Three new risk categories: Folic acid for pregnant patients


One of the great things about teaching at The Review Course is having sharp residents and practice-eligible physicians who are up to date and ask us several questions about the latest guidelines - thank you!

Case in point: did you know that within the last year, the SOGC released a new guideline on pre-conception folic acid supplementation?

Until recently, I, like the rest of my practice group, had still been recommending 5mg of folic acid to people I considered to be in high risk groups: patients with diabetes or obesity, patients on anti-folate medications, and those with a family history of neural tube defects.

There is now new official guidance on this and I have changed the way I manage my pre-conception patients.

So what has changed? There is actually now a MODERATE RISK stratification; it’s not quite as simple as high versus low risk.

HIGH RISK patients need 4.0 mg of folic acid from 12 weeks preconception up to 12 weeks of pregnancy. This group includes women or male partners with a personal history of neural tube defect, or a previously affected pregnancy.
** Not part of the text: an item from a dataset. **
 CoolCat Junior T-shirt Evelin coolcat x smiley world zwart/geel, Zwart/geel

MODERATE RISK patients need 1.0 mg of folic acid from 12 weeks preconception up to 12 weeks of pregnancy. This group includes most women I used to traditionally treat as high risk: women with a personal or family history of NTD or folate-sensitive congenital anomalies, women on anti-folate medications, women with pre-existing diabetes, and women with GI malabsorptive conditions.
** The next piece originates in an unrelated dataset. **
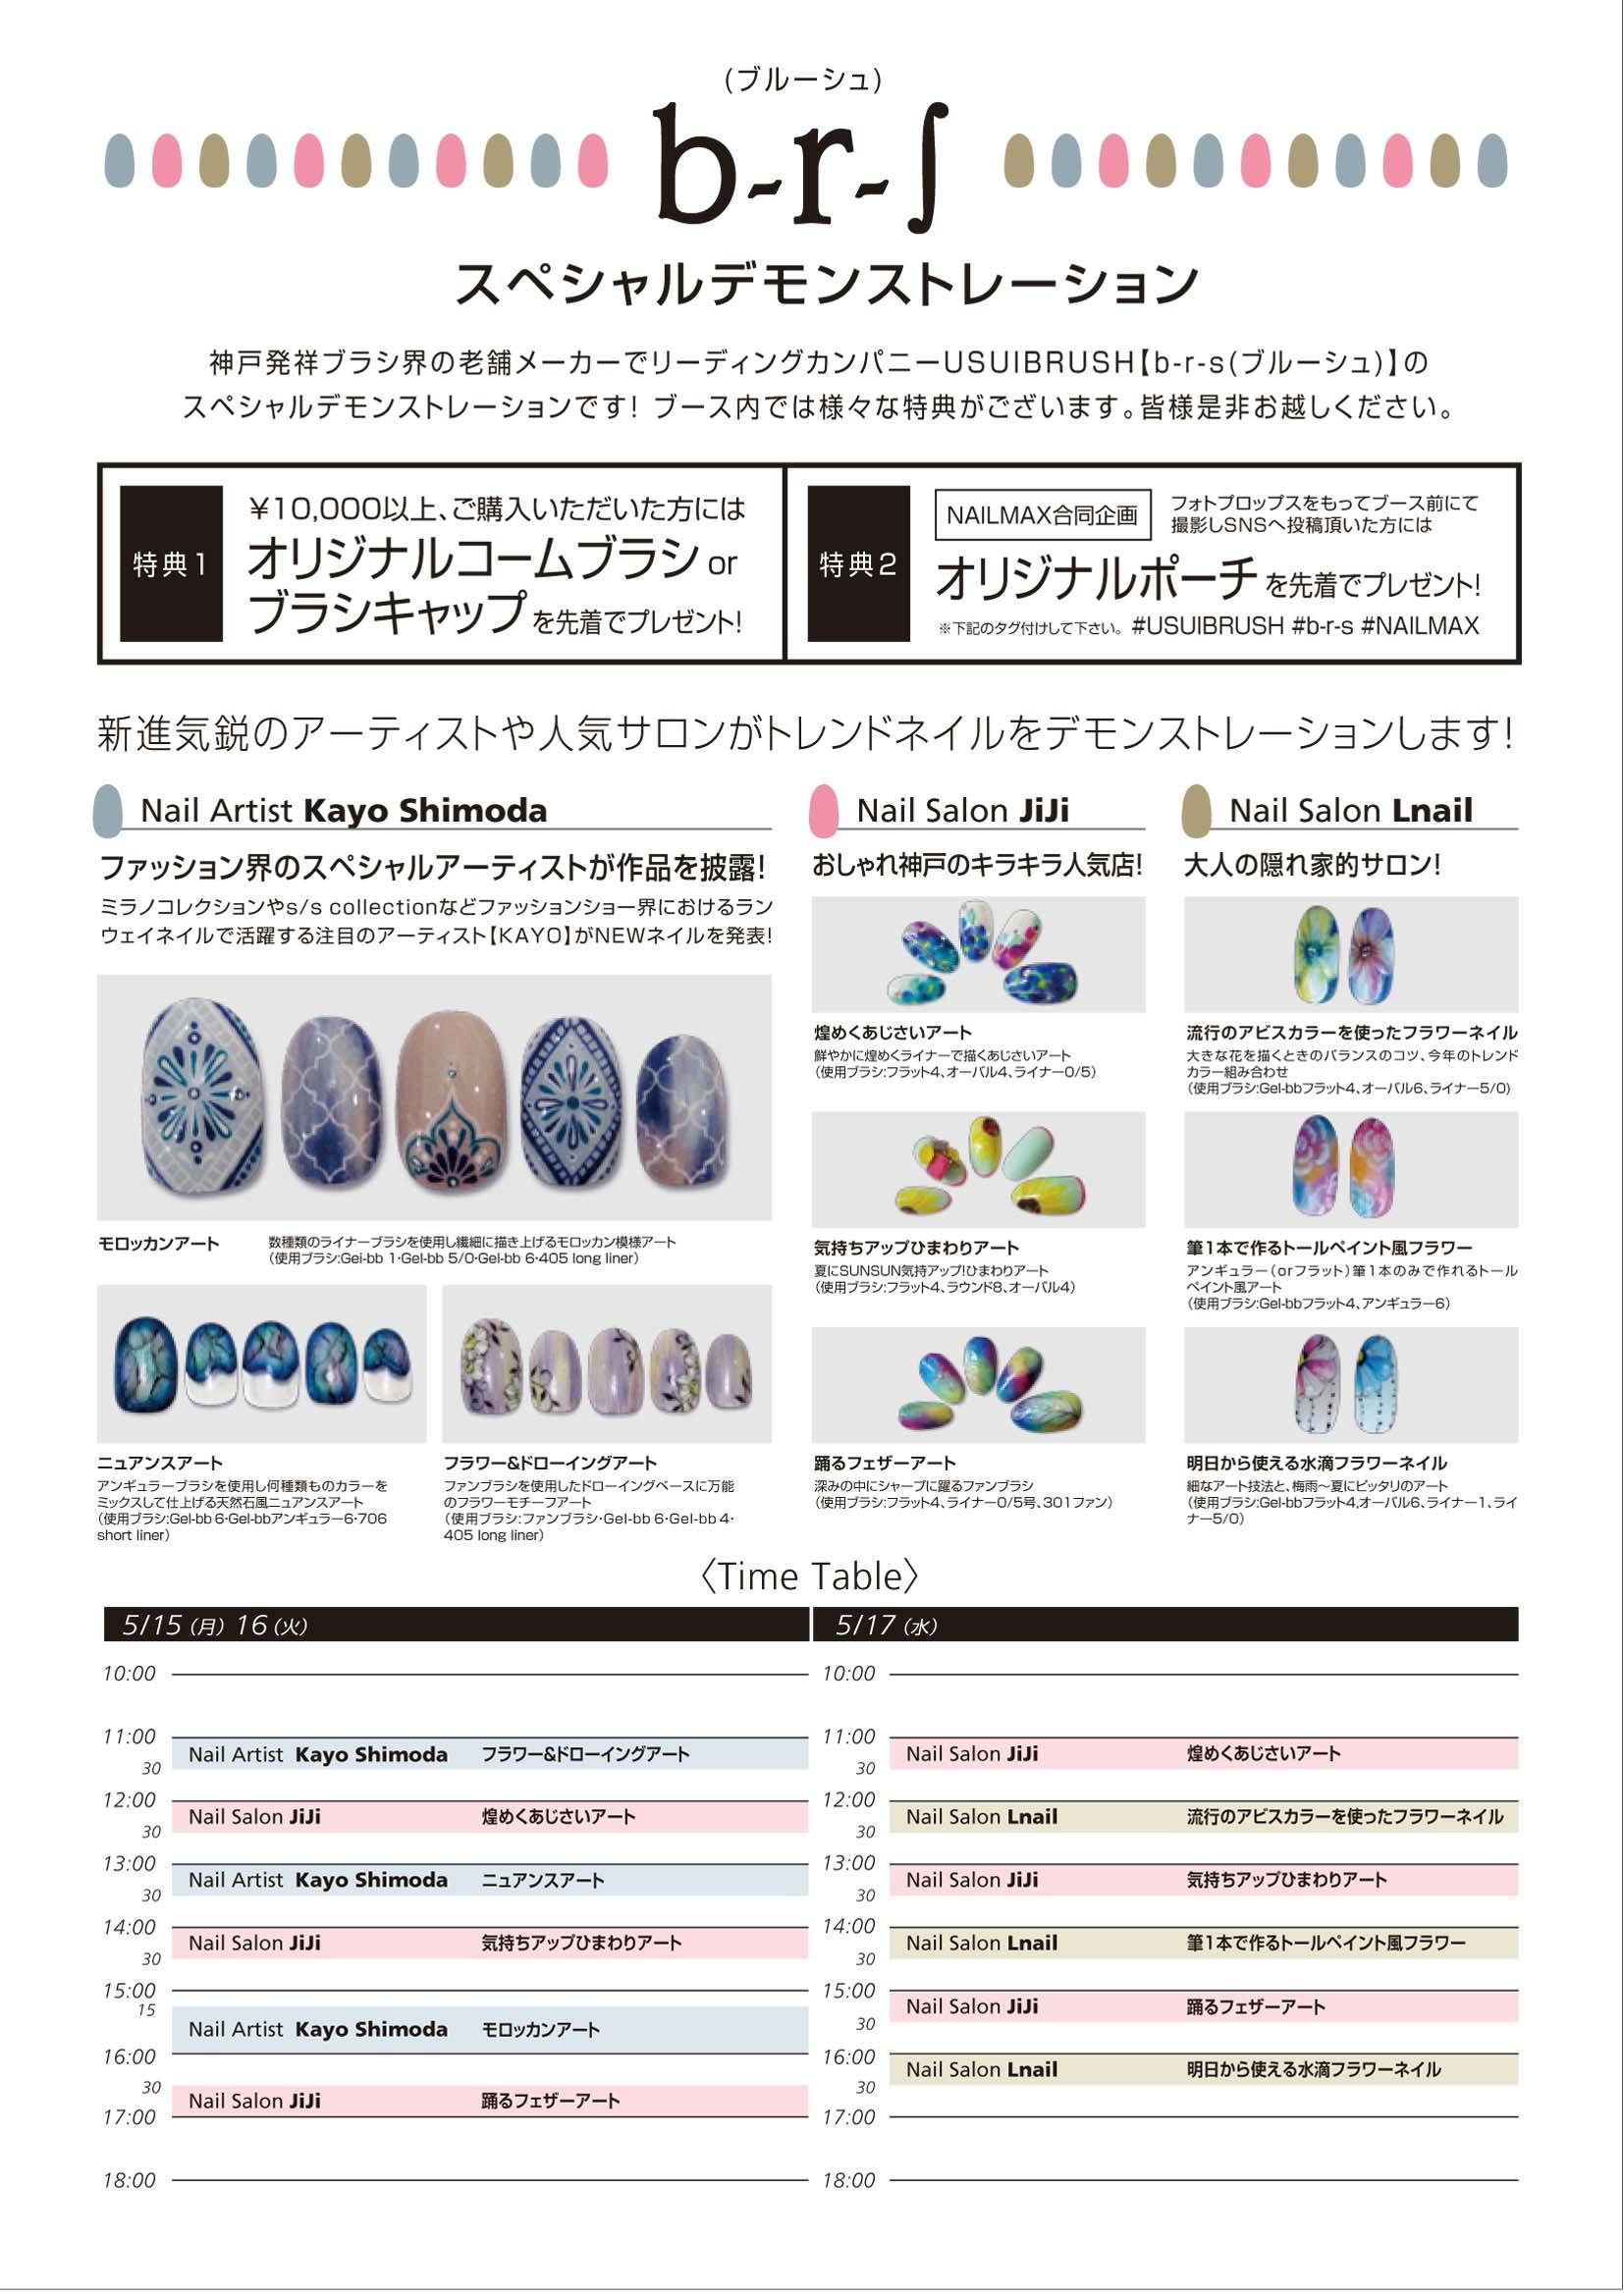 ビューティーワールドジャパン 東京ネイルフォーラム2017   ブルーシュ ネイルブラシ

LOW RISK patients need 0.4 mg of folic acid 8-12 weeks preconception through to 4-6 weeks postpartum.

Once 12 weeks of pregnancy is achieved, all high and moderate risk women should step down to 0.4 to 1.0mg of folic acid up until 4-6 weeks postpartum.

This is a great counselling point to consider in any SAMP or SOO dealing with pre-conception counselling: would you be able to answer, “how much folic acid should I be recommending to this patient?”

New guidelines are released all the time, and you're expected to stay up to date when preparing for the exam. This is why this year at The Review Course we covered several important brand-new guideline updates in the areas of asthma, hypertension, lipids, COPD, and cancer screening, to name a few - all important to know for the exam.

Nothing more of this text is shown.